SEC will take 124 actions to implement act

Jul 18, 2010 @ 12:01 am

By Mark Schoeff Jr.

The sweeping financial-regulatory-reform legislation that President Barack Obama will sign this week represents anything but closure for Wall Street.

Mr. Obama's pen stroke will usher in a long period of uncertainty in which wary industry professionals will monitor — and try to influence — how federal agencies conduct the hundreds of studies and rules mandated by the 2,300-page legislation.

“There is no question the world is going to change,” Charles Johnston, president of Morgan Stanley Smith Barney LLC, said at a Securities Industry and Financial Markets Association meeting on the reform bill last week in New York. “The question is, how much is it going to change?”

One of the most important facets of the legislation to Mr. Johnston, as well as to advisers, is a provision that gives the Securities and Exchange Commission the authority to promulgate a regulation setting a universal fiduciary duty for investment advice provided to retail customers.

Before making that decision, the SEC must complete a study within six months that assesses gaps in the oversight of investment advisers — who must act in the best interests of clients and disclose material conflicts of interest — and broker-dealers and their reps, who must ensure that an investment is suitable to the needs of a client.


Advocates said that imposing a fiduciary duty on all investment advice will better protect consumers. Broker-dealer groups insist that they're not opposed to a universal standard but are concerned that if not written carefully, such a standard may impinge on practices at the heart of their business, such as principal trading.

With financial reform set to become law, the debate is no longer theoretical.

“For anybody to have said 15 months ago that today we would be facing SEC rulemaking on brokers' needing a fiduciary standard, no one would have believed you,” said Knut Rostad, chairman of the Committee for the Fiduciary Standard.
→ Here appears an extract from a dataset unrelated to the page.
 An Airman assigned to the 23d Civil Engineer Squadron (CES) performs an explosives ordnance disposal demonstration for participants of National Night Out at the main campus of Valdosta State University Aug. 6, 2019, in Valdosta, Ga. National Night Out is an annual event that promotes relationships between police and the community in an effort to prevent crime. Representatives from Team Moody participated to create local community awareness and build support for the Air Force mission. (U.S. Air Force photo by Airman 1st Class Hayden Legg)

Regulators are now in the spotlight because the Senate approved the reform bill 60-39 on July 15. The vote culminated a concerted effort by Democratic leaders to secure enough Republican support to reach the 60-vote threshold to overcome a filibuster.

In the end, three of 41 Senate Republicans voted for the final bill, which was the product of two weeks of House-Senate negotiations to merge competing versions of reform. The House passed the bill 237-192 on June 30 with only three Republicans in the “yes” column.
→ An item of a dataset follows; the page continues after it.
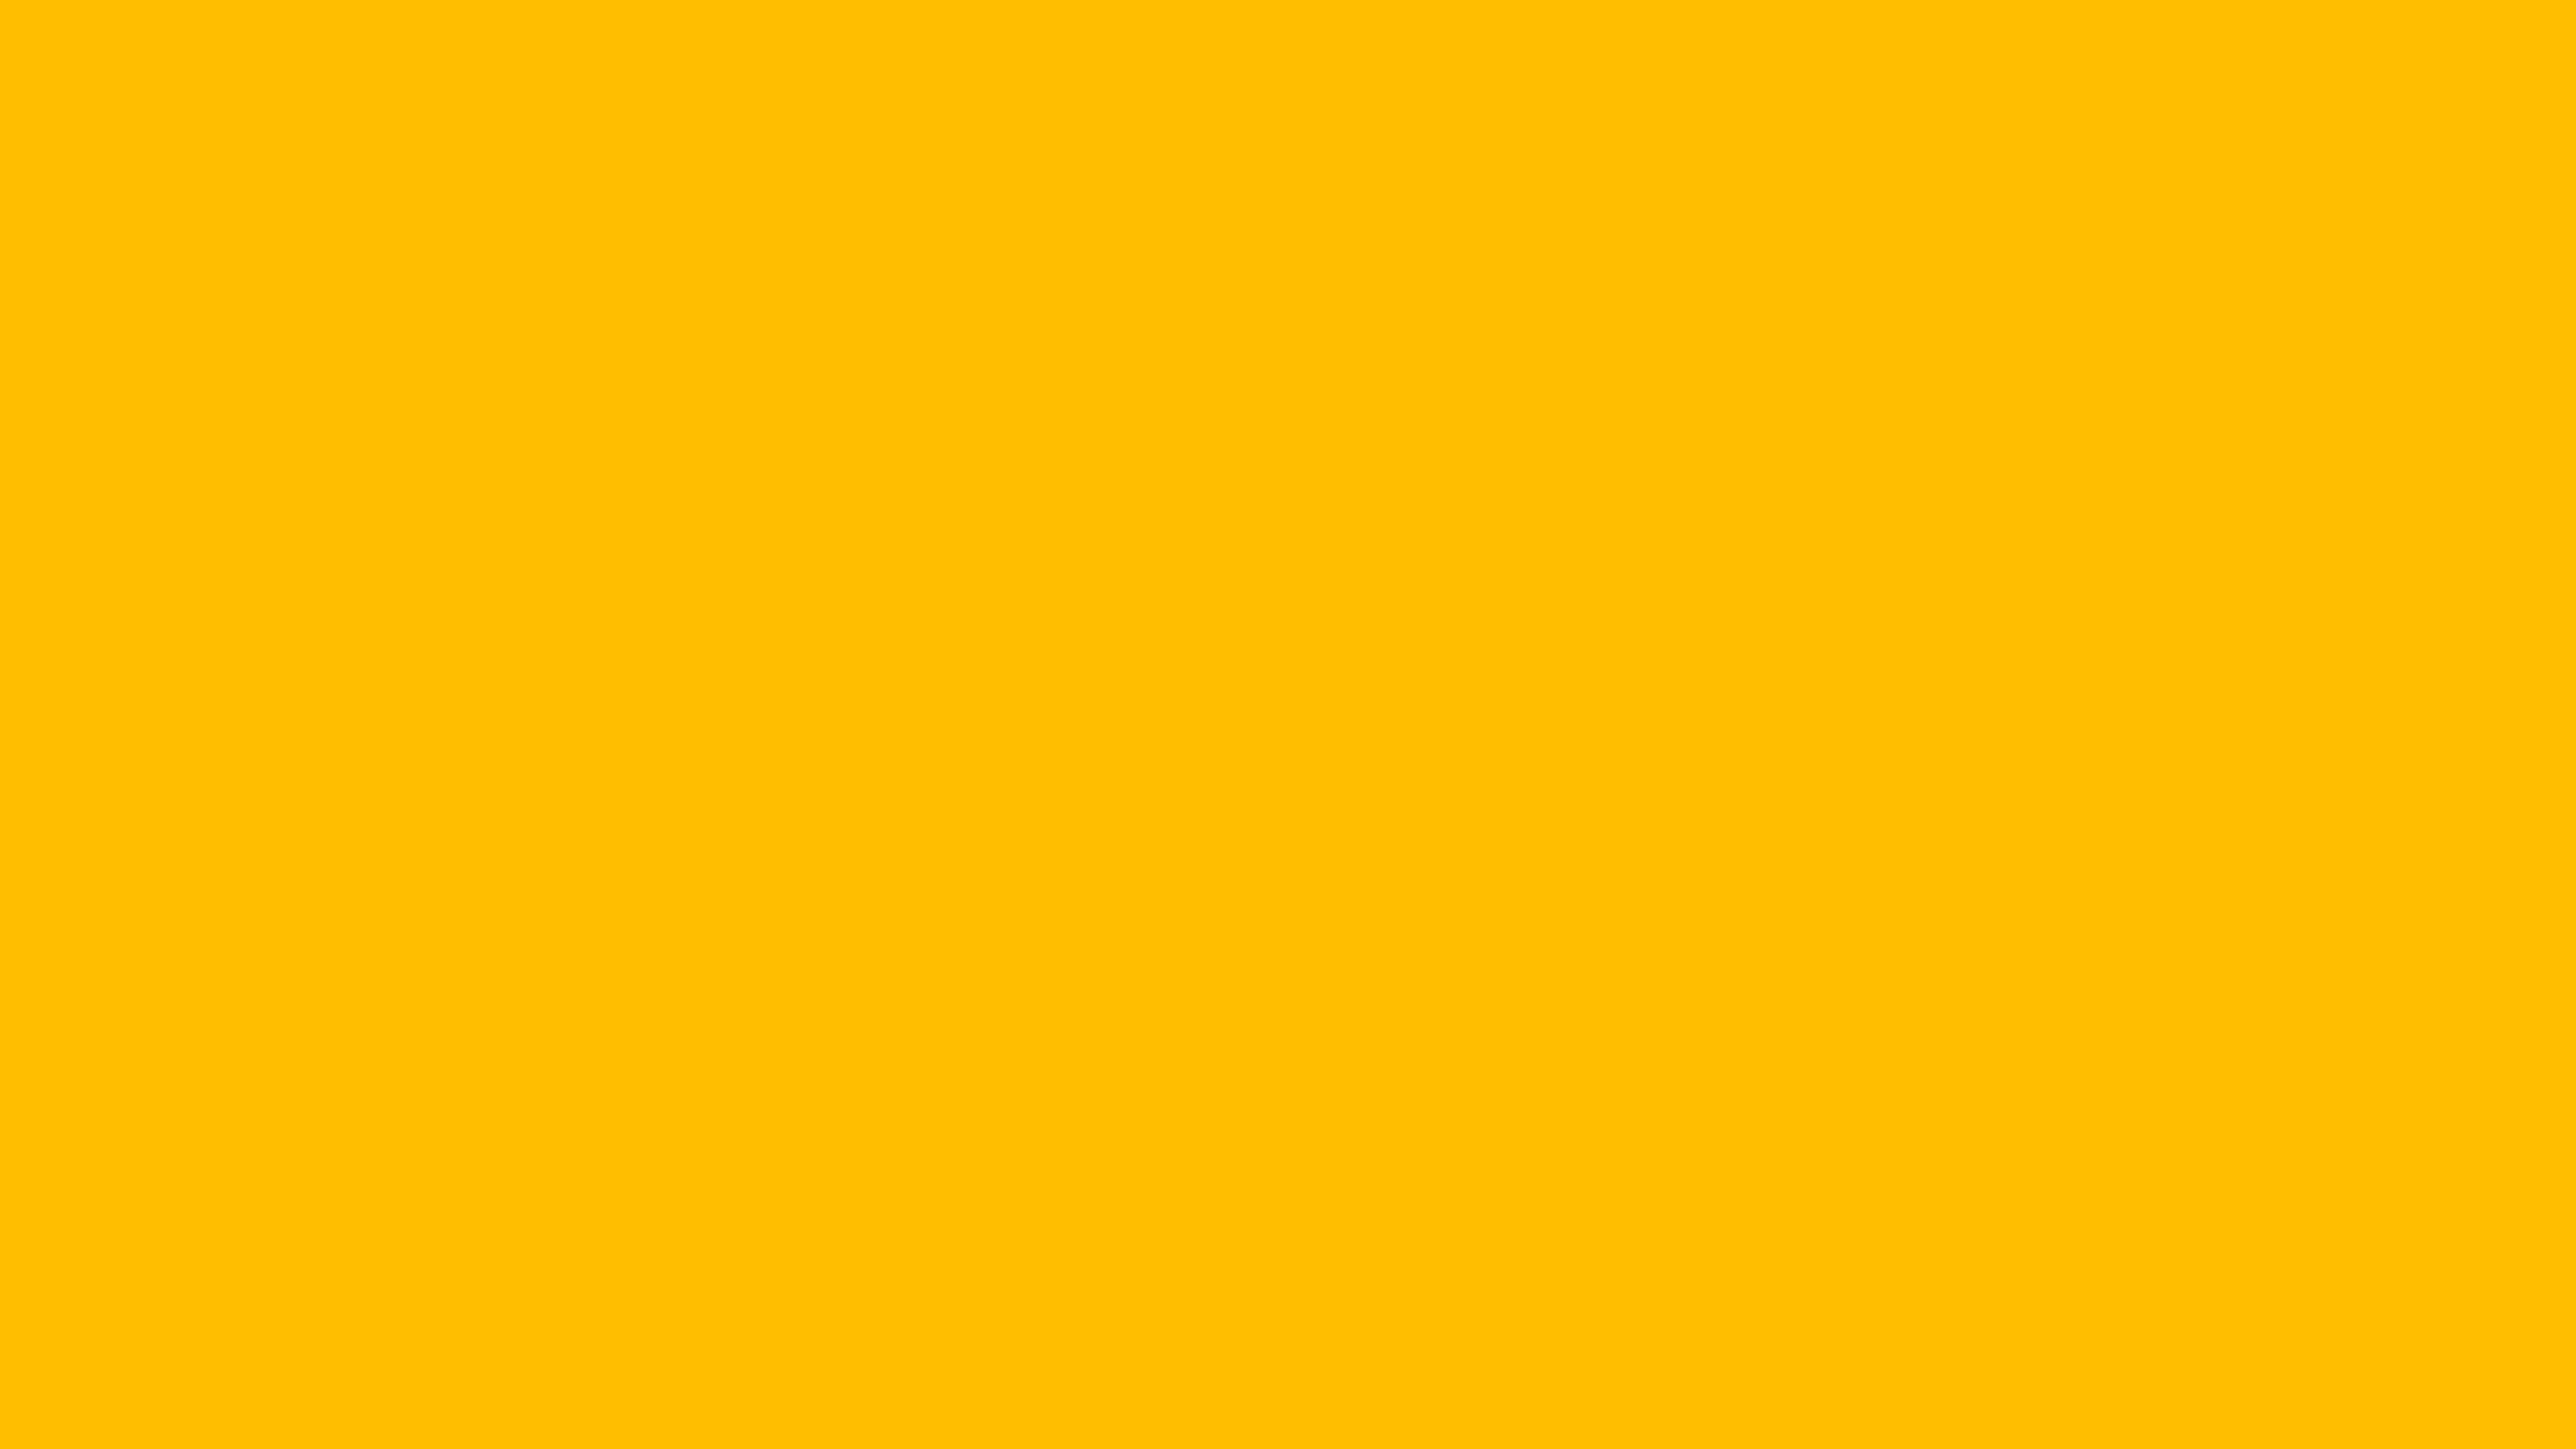 7680x4320 Amber Solid Color Background

The measure affects the entire financial industry, introducing new curbs on systemic risk, bolstering capital requirements, strengthening regulation of derivatives and establishing a consumer protection agency, among scores of other provisions.
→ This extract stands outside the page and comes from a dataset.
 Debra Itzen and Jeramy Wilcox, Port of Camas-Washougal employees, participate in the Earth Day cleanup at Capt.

Mr. Obama said the legislation will “protect consumers and lay the foundation for a stronger and safer financial system — one that is innovative, creative, competitive and far less prone to panic and collapse.”

Most GOP members of Congress denounced the measure, saying it would create massive new bureaucracies, raise costs and crimp credit, while failing to reform mortgage lending, a primary cause of the financial meltdown.

What is not debatable is that it gives the SEC an overflowing agenda. The measure requires the agency to take 124 actions to implement portions of the bill.

Robert Cook, director of the SEC's Division of Trading and Markets, said that the fiduciary study will be one of the first items addressed. The review requires the SEC to evaluate 14 dimensions of the issue.

“We expect that to move forward quickly,” Mr. Cook said at the SIFMA conference. “An endeavor of this scale would be a commissionwide effort.”

Groups on both sides of the fiduciary tussle are gearing up to try to influence the SEC.

“We're getting ourselves very organized to be one of the principal content providers to the government agencies who have to make these decisions,” said Tim Ryan, SIFMA's president and chief executive.